Reporter Glenn Greenwald, who broke the story about National Security Agency leaker Edward Snowden’s disclosure of classified surveillance programs, said the former contractor held additional documents, including “blueprints” detailing the spy agency’s operations.

“In order to take documents with him that proved that what he was saying was true, he had to take ones that included very sensitive, detailed blueprints of how the NSA does what they do,” said Greenwald in an interview with The Associated Press published Sunday. 

{mosads}Greenwald said Snowden had “literally thousands of documents,” which he called “basically the instruction manual for how the NSA is built.”

The Guardian reporter said Snowden did not want to reveal the information because it would allow others to duplicate the NSA’s surveillance programs.

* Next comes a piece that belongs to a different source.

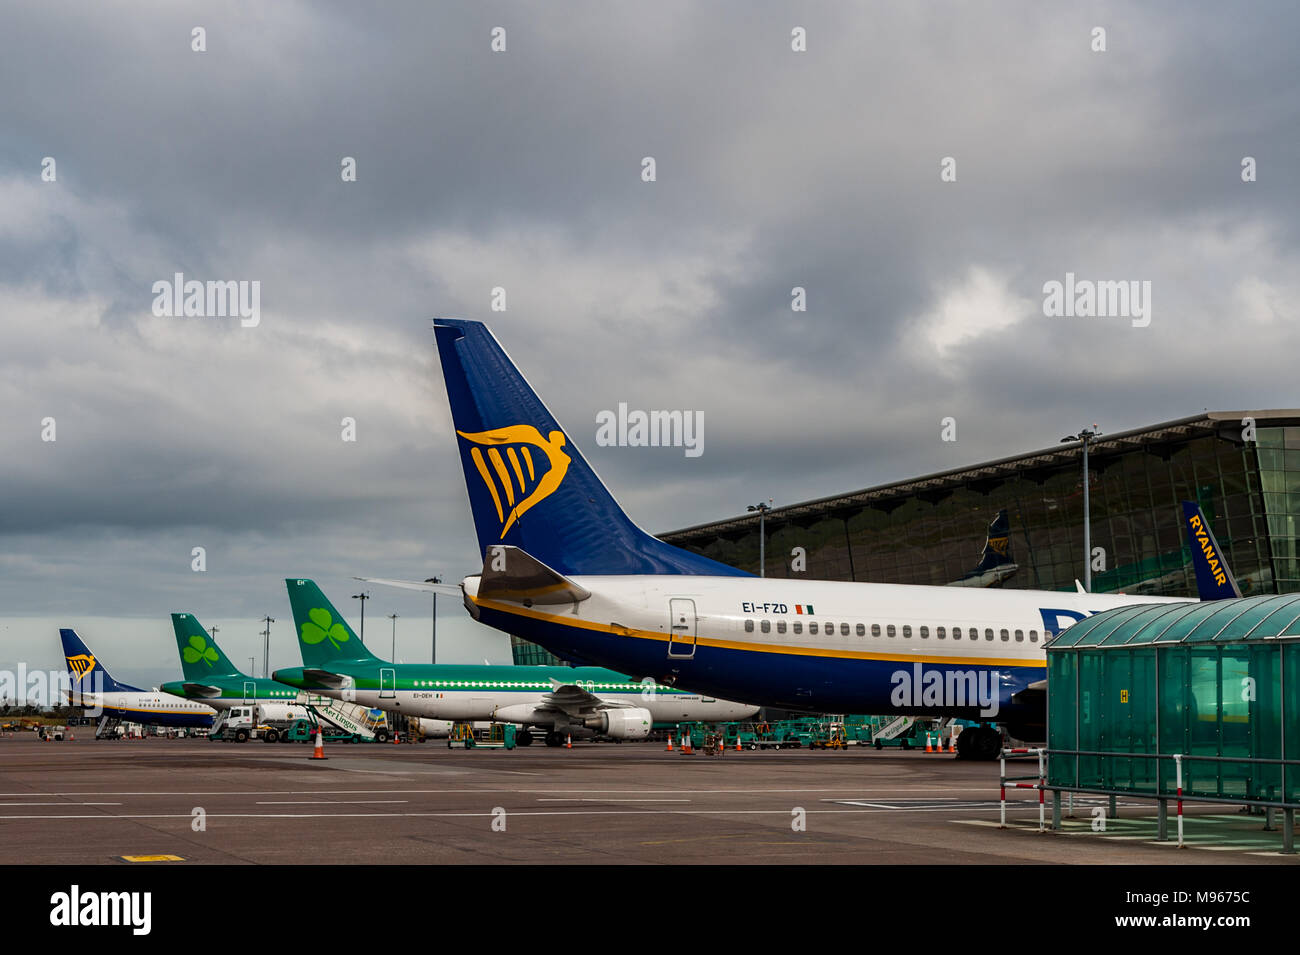 Aer Lingus and RyanAir Aircraft lined up at Cork Airport, Cork, Ireland with copy space. Stock Photo

Greenwald’s latest comments come days after he warned that Snowden would release damaging information if he was not granted safe passage to asylum in a third country or if harm came to him.

“Snowden has enough information to cause more damage to the U.S. government in a minute alone than anyone else has ever had in the history of the United States,” Greenwald told an Argentine newspaper last week.

“The U.S. government should be on your knees every day praying that nothing happens to Snowden because if something happens, all information will be revealed and that would be their worst nightmare,” he added.

Snowden, who is facing espionage charges, is seeking to avoid a U.S. extradition order. He is in Moscow airport’s transit area as he finds a way to reach Latin America, where three countries – Venezuela, Bolivia and Nicaragua – have offered him political asylum.

Friday, in his first public appearance in weeks, Snowden met with human rights groups at the airport and said he would seek temporary asylum from Russia to allow him to leave the airport transit area and travel to a third country. Russian officials said they have yet to receive a request from him.

The U.S. is pressuring nations not to grant Snowden refuge and officials said President Obama is personally appealing to Russian President Vladimir Putin to help return the fugitive.

Greenwald told the AP that Snowden was “concerned” about his safety. 

The reporter again vowed to share further classified documents taken by Snowden if any harm should come to the NSA leaker.

“It’s not just a matter of, if he dies, things get released. It’s more nuanced than that,” Greenwald said. “It’s really just a way to protect himself against extremely rogue behavior on the part of the United States, by which I mean violent actions toward him, designed to end his life, and it’s just a way to ensure that nobody feels incentivized to do that.”